__Problem description__
Below this line are records; write out exactly the lines from the one containing "building overrides request" through the one containing "A blue texture with flowers and brach", with the pictures left out.

__Data shown__
· · · · ·
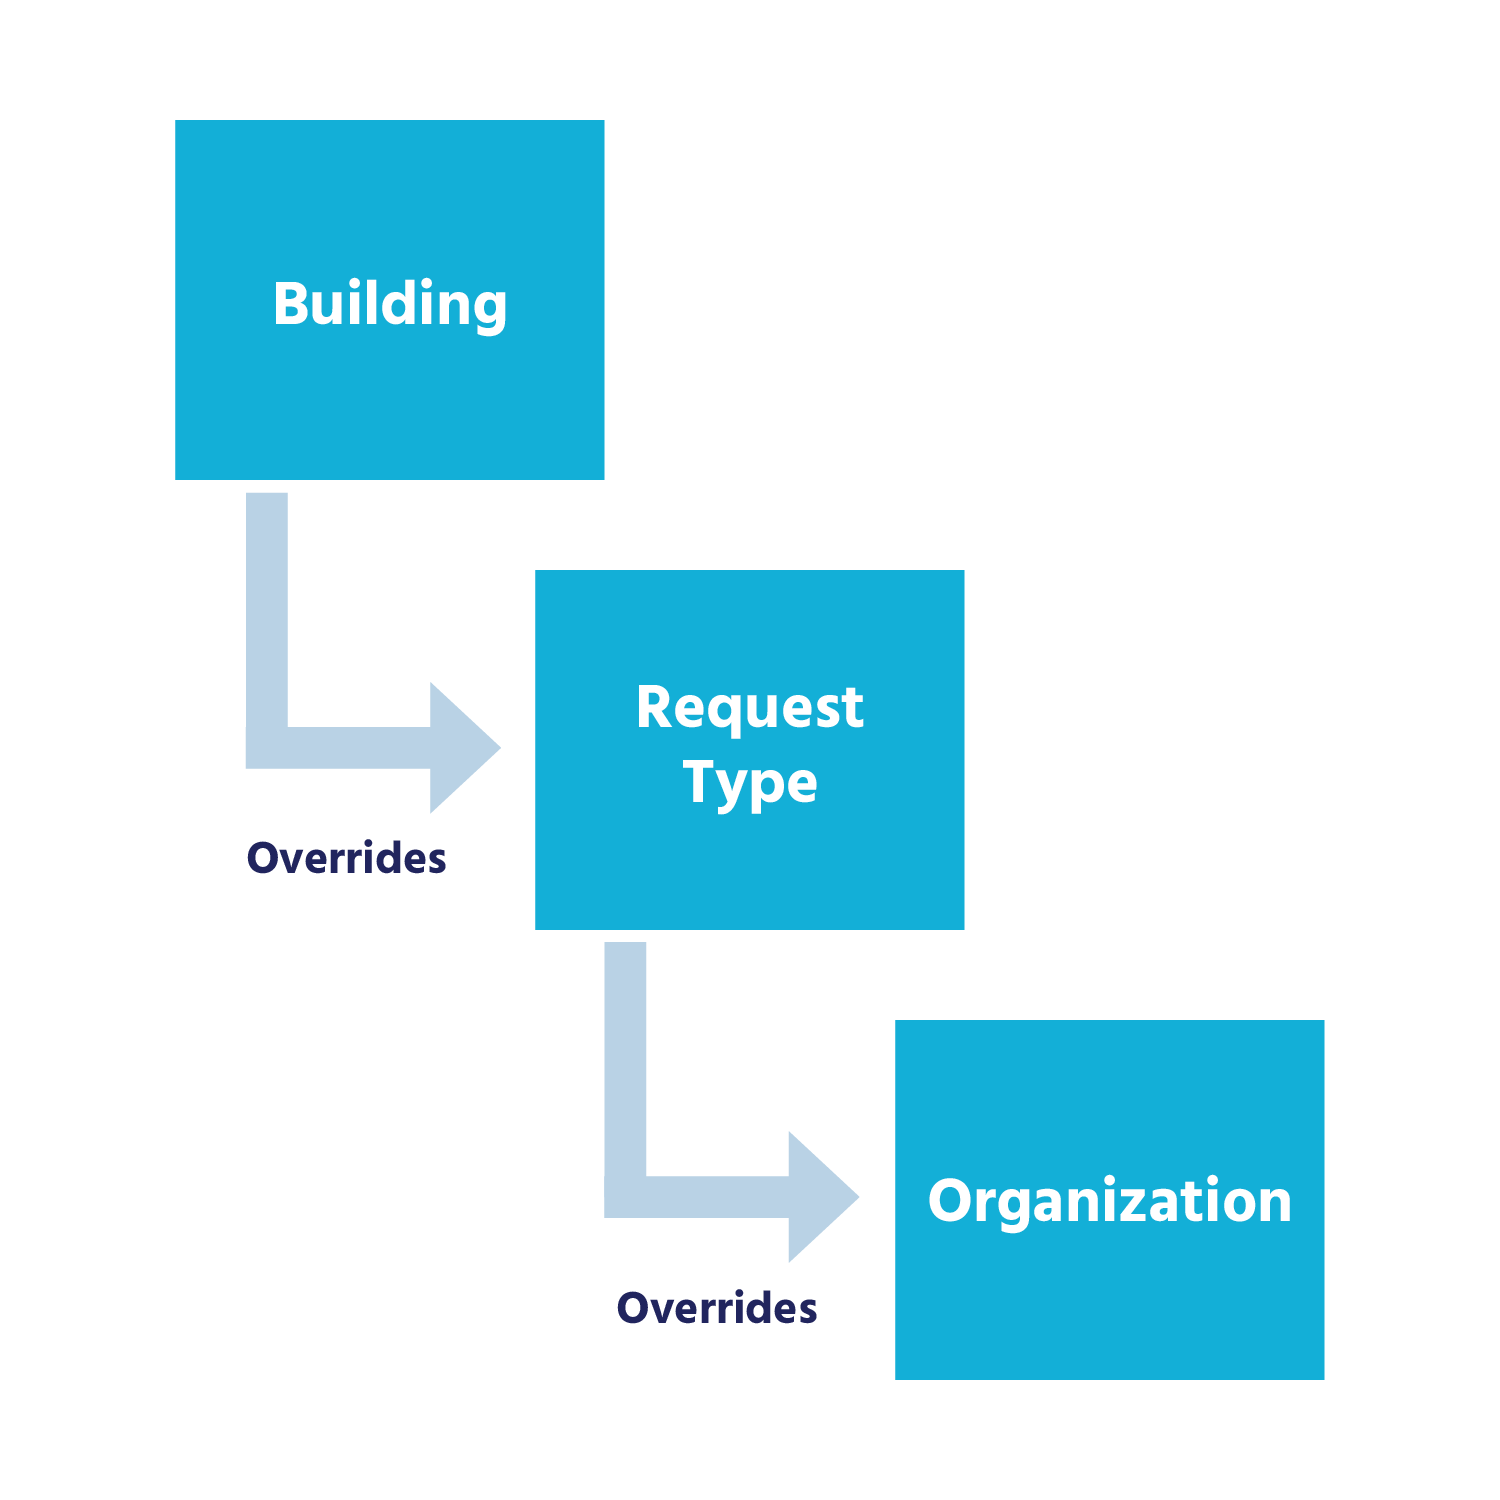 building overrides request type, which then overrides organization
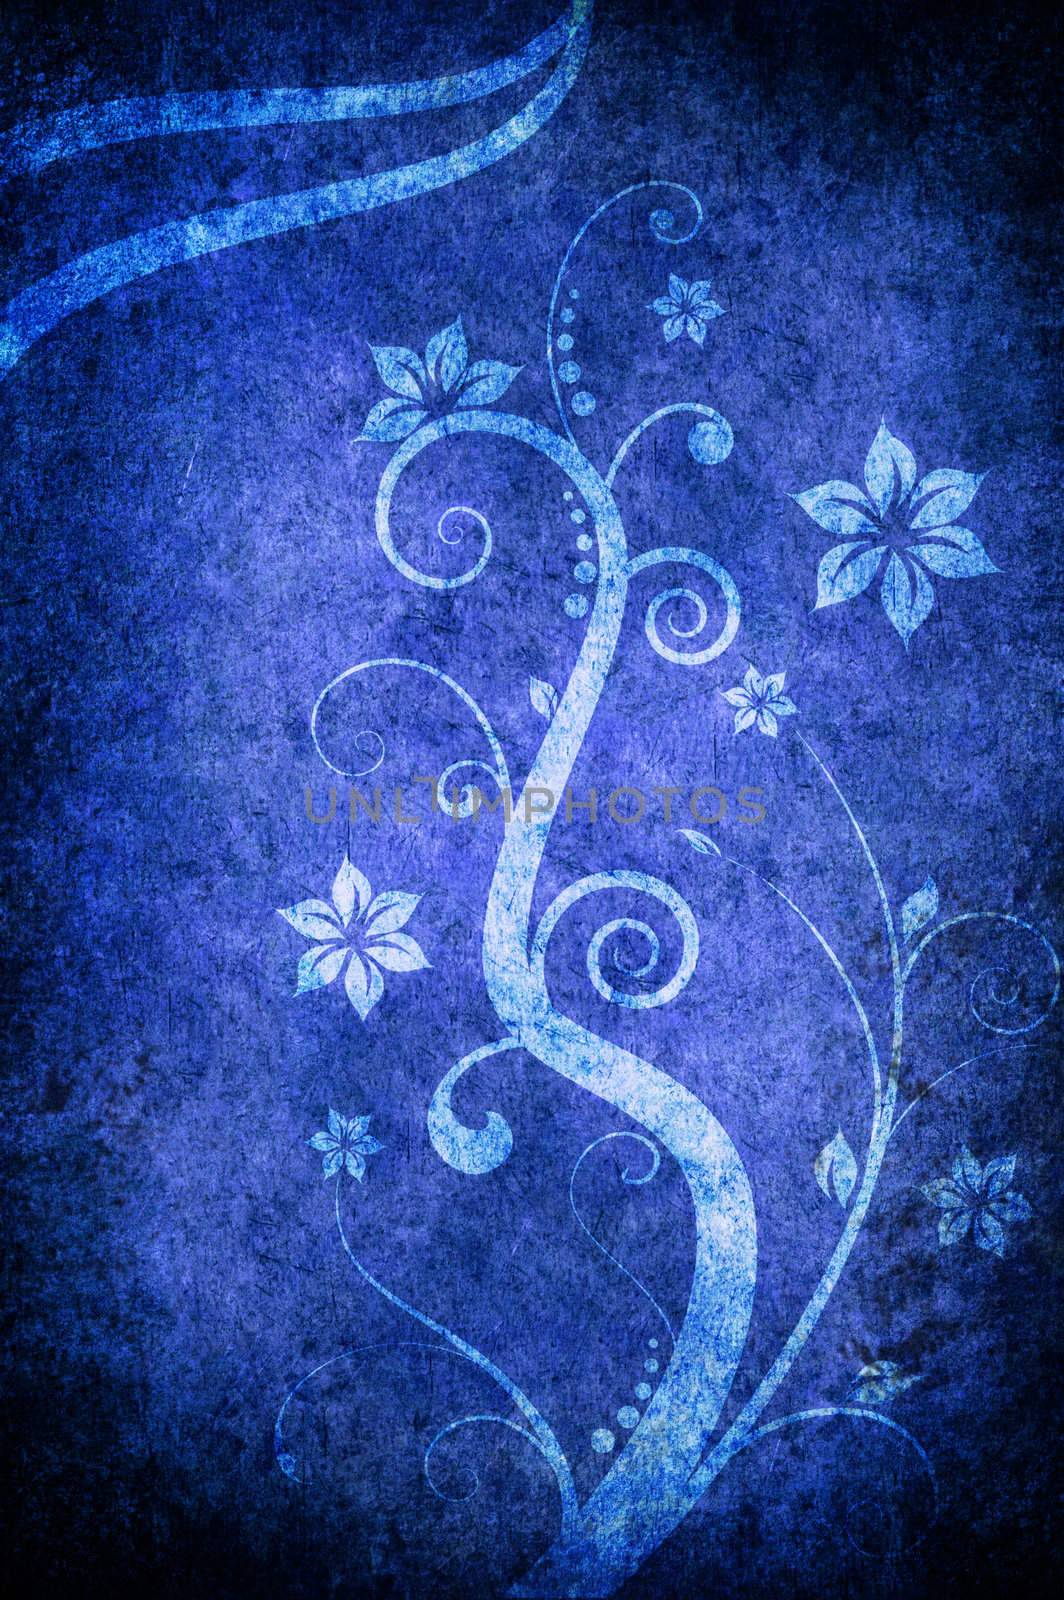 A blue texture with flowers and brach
· · · · ·
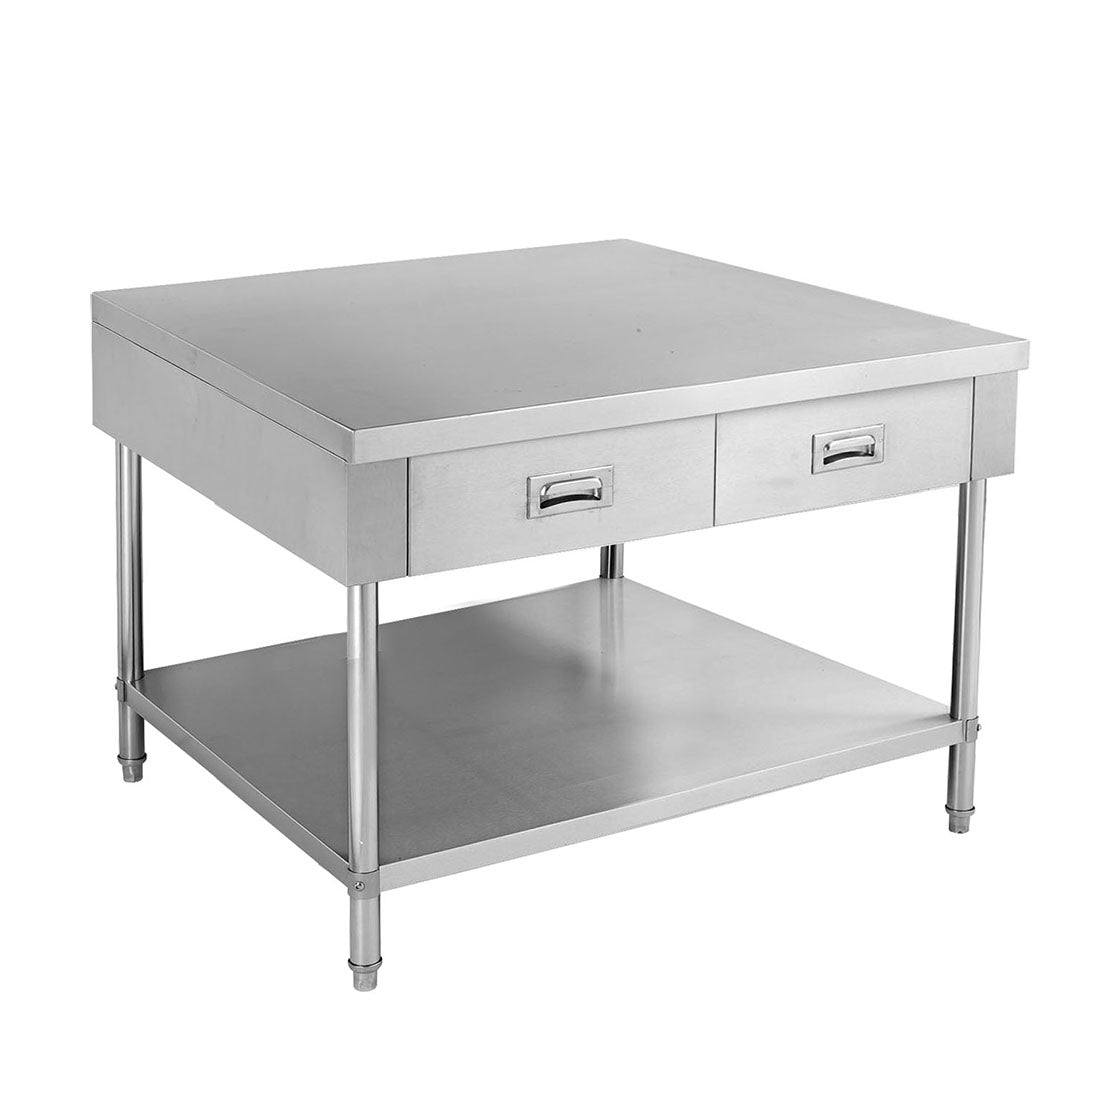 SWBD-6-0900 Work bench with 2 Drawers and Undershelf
· · · · ·
__Answer to this task__
 building overrides request type, which then overrides organization
 A blue texture with flowers and brach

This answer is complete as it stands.